● **Action item**
Pictures stay out; everything else in the entries below is to be duplicated exactly.
● ● ● ● ● ● ●
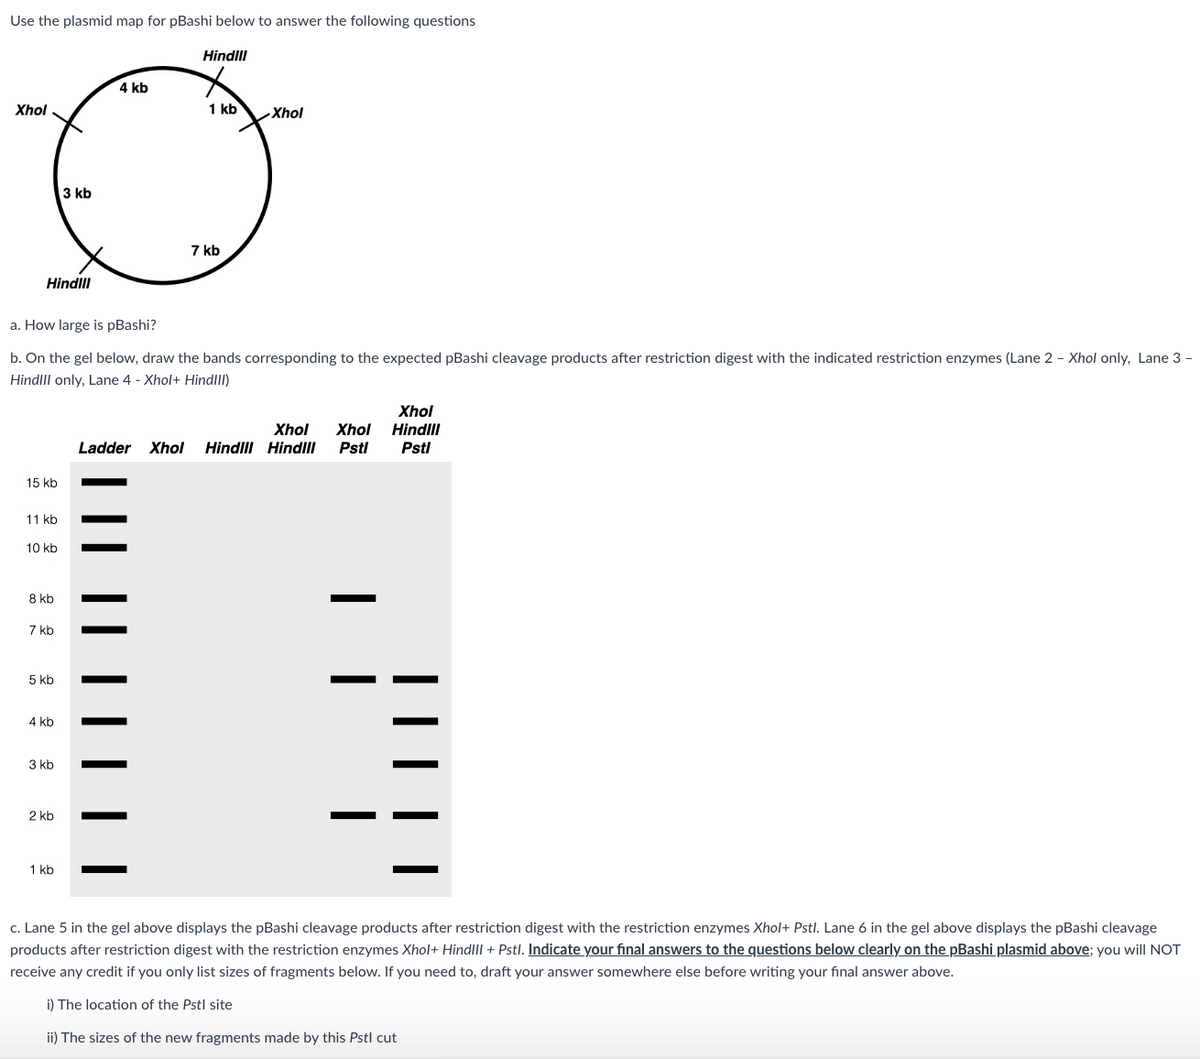 Use the plasmid map for pBashi below to answer the following questions
Xhol
Hind!!!
15 kb
11 kb
10 kb
8 kb
7 kb
5 kb
a. How large is pBashi?
b. On the gel below, draw the bands corresponding to the expected pBashi cleavage products after restriction digest with the indicated restriction enzymes (Lane 2 - Xhol only, Lane 3 -
HindIII only, Lane 4 - Xhol+ HindIII)
4 kb
3 kb
3 kb
2 kb
1 kb
4 kb
Hindill
1 kb
7 kb
Xhol
Xhol
Xhol Xhol
Hind!!!
Ladder Xhol Hindill Hind!!! Pstl Pstl
c. Lane 5 in the gel above displays the pBashi cleavage products after restriction digest with the restriction enzymes Xhol+ Pstl. Lane 6 in the gel above displays the pBashi cleavage
products after restriction digest with the restriction enzymes Xhol+ HindIII + Pstl. Indicate your final answers to the questions below clearly on the pBashi plasmid above; you will NOT
receive any credit if you only list sizes of fragments below. If you need to, draft your answer somewhere else before writing your final answer above.
i) The location of the Pstl site
ii) The sizes of the new fragments made by this Pstl cut
● ● ● ● ● ● ●
● **Exercise solution**
 Use the plasmid map for pBashi below to answer the following questions
Xhol
Hind!!!
15 kb
11 kb
10 kb
8 kb
7 kb
5 kb
a. How large is pBashi?
b. On the gel below, draw the bands corresponding to the expected pBashi cleavage products after restriction digest with the indicated restriction enzymes (Lane 2 - Xhol only, Lane 3 -
HindIII only, Lane 4 - Xhol+ HindIII)
4 kb
3 kb
3 kb
2 kb
1 kb
4 kb
Hindill
1 kb
7 kb
Xhol
Xhol
Xhol Xhol
Hind!!!
Ladder Xhol Hindill Hind!!! Pstl Pstl
c. Lane 5 in the gel above displays the pBashi cleavage products after restriction digest with the restriction enzymes Xhol+ Pstl. Lane 6 in the gel above displays the pBashi cleavage
products after restriction digest with the restriction enzymes Xhol+ HindIII + Pstl. Indicate your final answers to the questions below clearly on the pBashi plasmid above; you will NOT
receive any credit if you only list sizes of fragments below. If you need to, draft your answer somewhere else before writing your final answer above.
i) The location of the Pstl site
ii) The sizes of the new fragments made by this Pstl cut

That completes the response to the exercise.